To evaluate the progression of diabetic retinopathy (DR) after the initiation of automated insulin delivery (AID) systems in adults with type 1 diabetes (T1D).

Methods:

In this longitudinal study with 152 adults, retinal exams and clinical variables were collected before and after AID initiation up to 2.7 years. The DR worsening was defined as an increase in Early Treatment of Diabetic Retinopathy Study (ETDRS) scores or qualitative retinal exam.

Results:

A total of 152 adults with mean age of 42 years (57% female), 26 years of T1D duration, and mean baseline HbA_1c of 7.6% (60 mmol/mol) were included in this analysis. Of 152 adults with T1D, 42 (28%) adults had DR worsening after AID initiation. After adjusting for age, diabetes duration, and sex, baseline HbA_1c (odds ratio [OR] = 2.1 [1.34-3.04]) and low-density lipoprotein cholesterol (LDL-C) >100 mg/dL with HbA_1c >8% (OR = 3.33 [1.12-9.91]) were associated with two- and three-fold increased risk for DR worsening, respectively. The decline of HbA_1c with AID initiation between DR worsening and no-DR worsening groups was not significant (−0.38 ± 1.2% vs −0.47 ± 0.9%; P = .6).

Conclusions:

Higher baseline HbA_1c with LDL-C >100 mg/dL may be associated with DR worsening after initiation of AID systems in T1D. Those with elevated HbA_1c should get periodic ophthalmic examination after AID initiation to detect progression of DR. Prompt diagnosis may result in timely treatment.

Keywords

automated insulin delivery diabetic retinopathy early worsening type 1 diabetes

Introduction

Rapid improvement in HbA_1c in people with type 1 and 2 diabetes has been shown to worsen diabetic retinopathy (DR).^1,2 In the Diabetes Control and Complications Trial (DCCT), the intensive treatment group had a two-fold increase in early worsening of DR compared with the conventional therapy group at 6- and/or 12-month visit.³ In a recent study, rapid reduction in HbA_1c with weekly glucagon-like peptide-1-receptor-agonist semaglutide in people with type 2 diabetes was also associated with a two-fold increased risk of DR worsening (hazard ratio [HR] = 1.76; 95% confidence interval [CI] = [1.11-2.78]; P = .02).⁴ Although the rapid reduction in HbA_1c possesses risk of early DR worsening, long-term benefits of HbA_1c reduction outweigh that risk.⁵

Automated insulin delivery (AID) systems have been shown to improve HbA_1c without increasing hypoglycemia in people with type 1 diabetes.^6-9 The improvement in HbA_1c is fast with the use of AID systems mainly due to rapid improvement in nocturnal glucose. To our knowledge, DR worsening after initiation of AID system in relation to change in HbA_1c has not been studied. Therefore, we aimed to investigate the DR progression after AID initiation in adults with type 1 diabetes.

Methods

Subjects and Study Design

In this longitudinal, retrospective cohort study, adults with type 1 diabetes at the Barbara Davis Diabetes Center who initiated Tandem Control-IQ between January 17, 2020, and January 20, 2022, and had at least one retinal examination before and after AID initiation were included in this study. Patients who were pregnant during the study were excluded.

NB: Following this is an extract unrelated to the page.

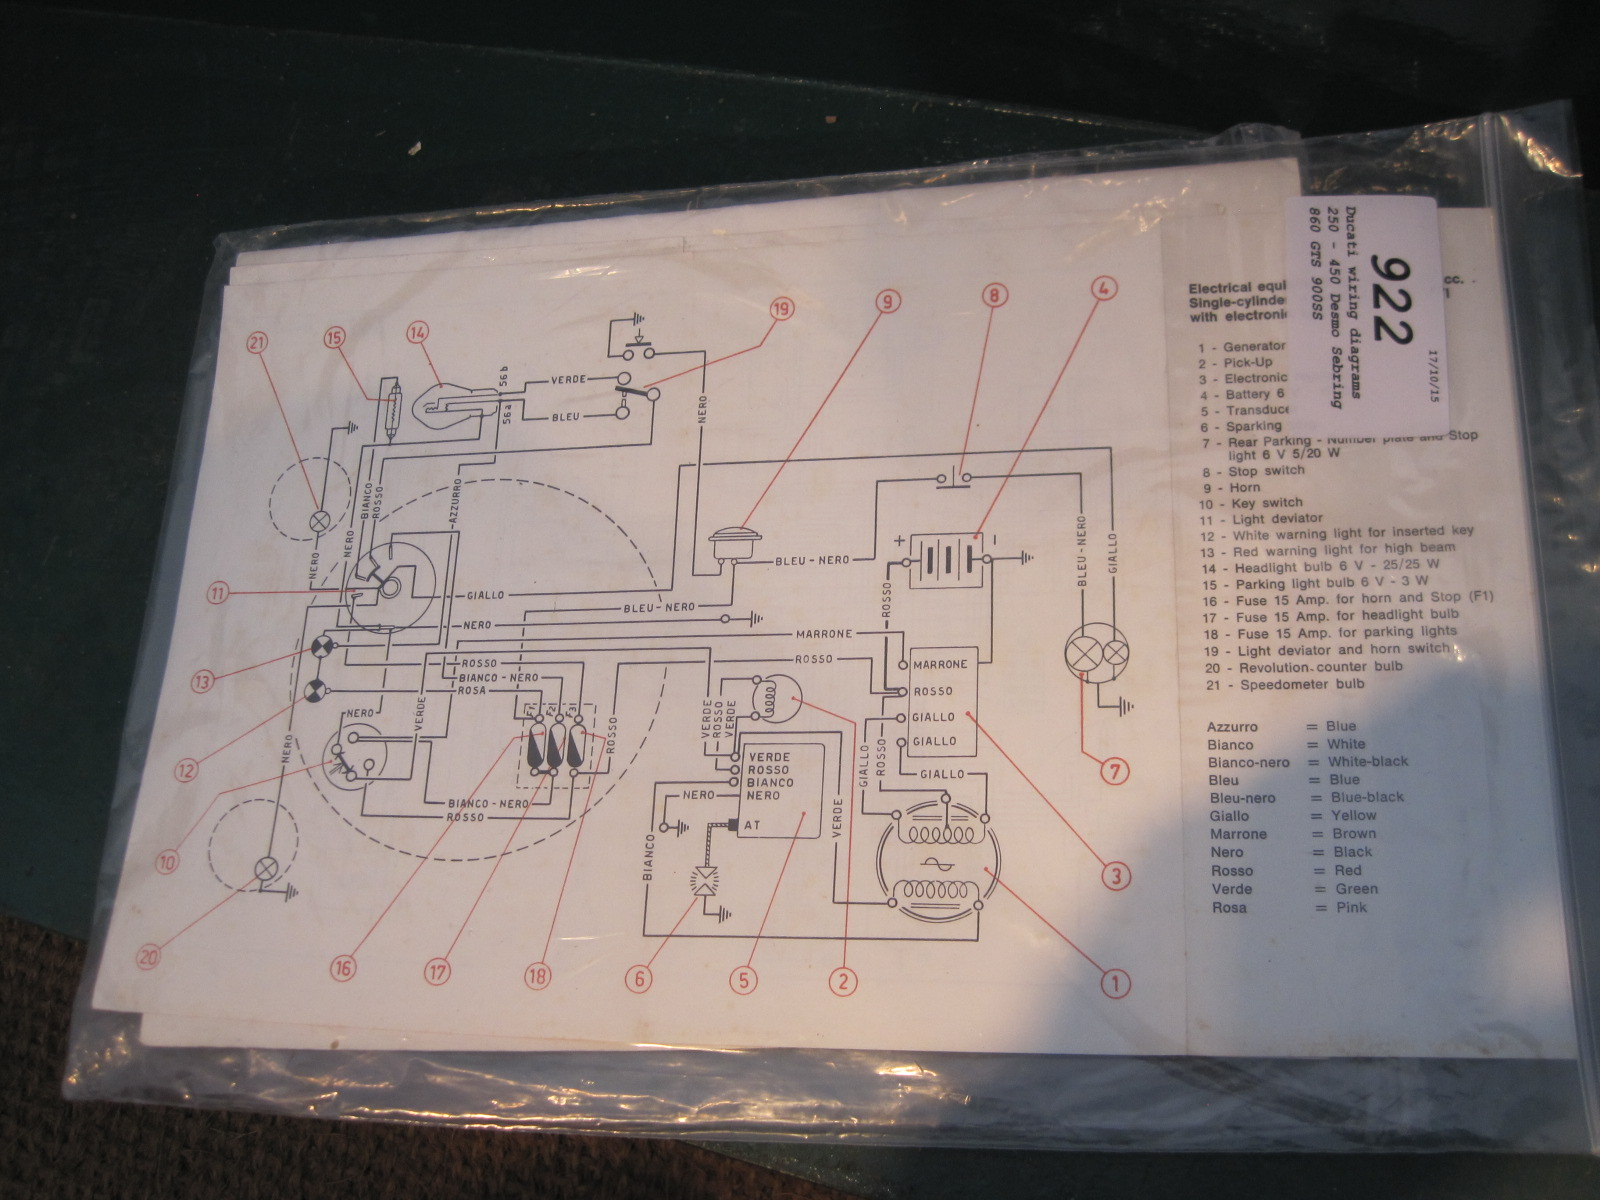 ducati single wiring wiring diagram ebookducati 450 wiring diagram wiring diagram 2019ducati 900ss wiring diagram wiring librarylot 922 ducati wiring diagrams
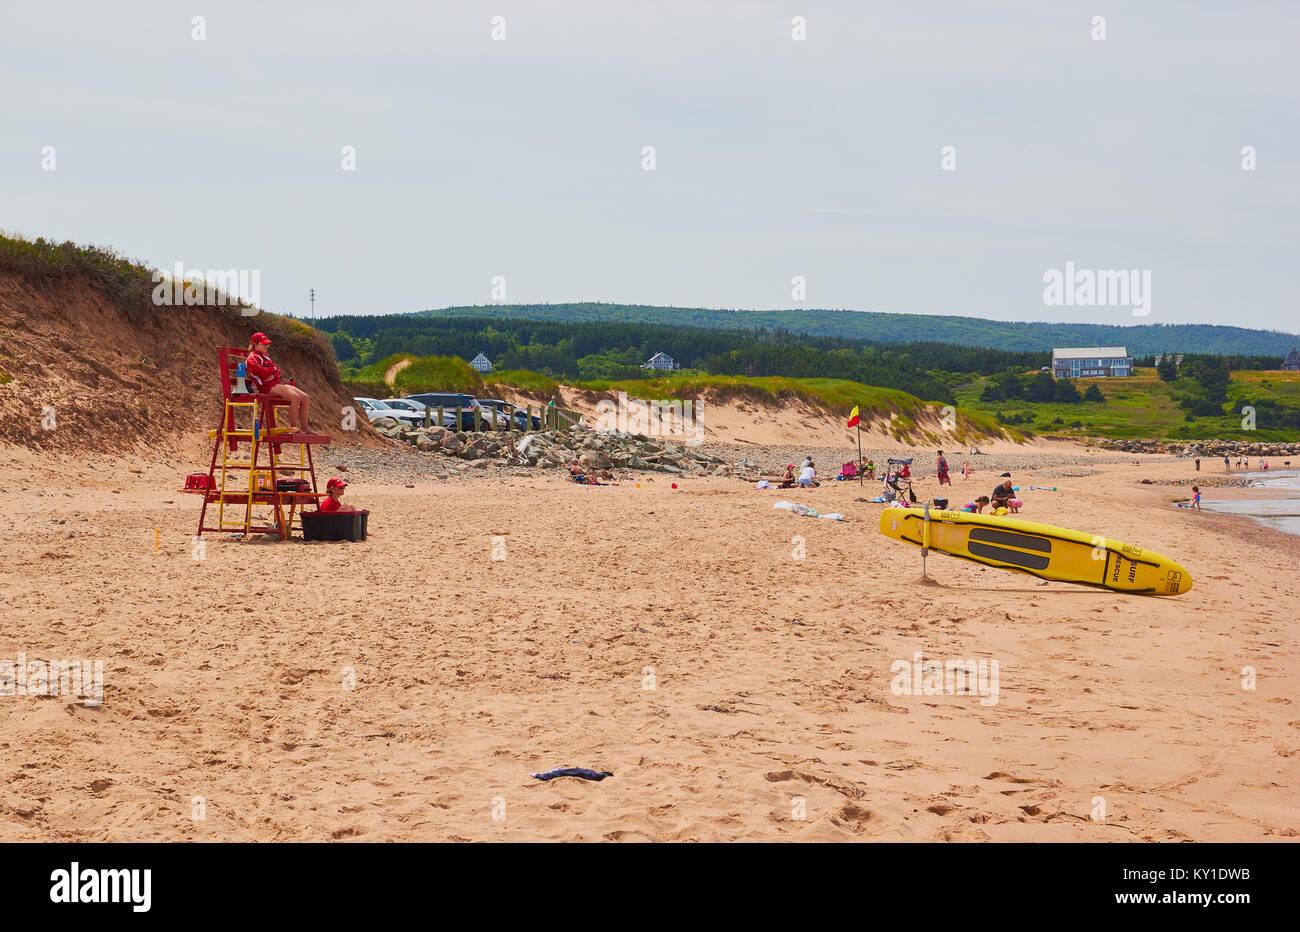 Lifeguards, Inverness beach, Inverness County, Cape Breton Island, Nova Scoatia, Canada. West coast of Cape Breton Stock Photo

For the AID systems, Tandem t:slim X2 Control-IQ system was selected for this study because it was the only FDA-approved advanced hybrid closed-loop system that provides auto corrections in addition to basal modulation during the study. It has been shown to improve glycemic outcomes in youth, adults, and older adults with type 1 diabetes.^7,10,11 The Tandem t:slim X2 with Control-IQ technology (referred to as AID onwards) was commercially released in the United States in January 2020, and the release date was taken as the midpoint of the data collection period. The AID initiation date, HbA_1c values with measurement dates, and eye examination results with exam dates were collected longitudinally before and after AID initiation between June 2017 and June 2022.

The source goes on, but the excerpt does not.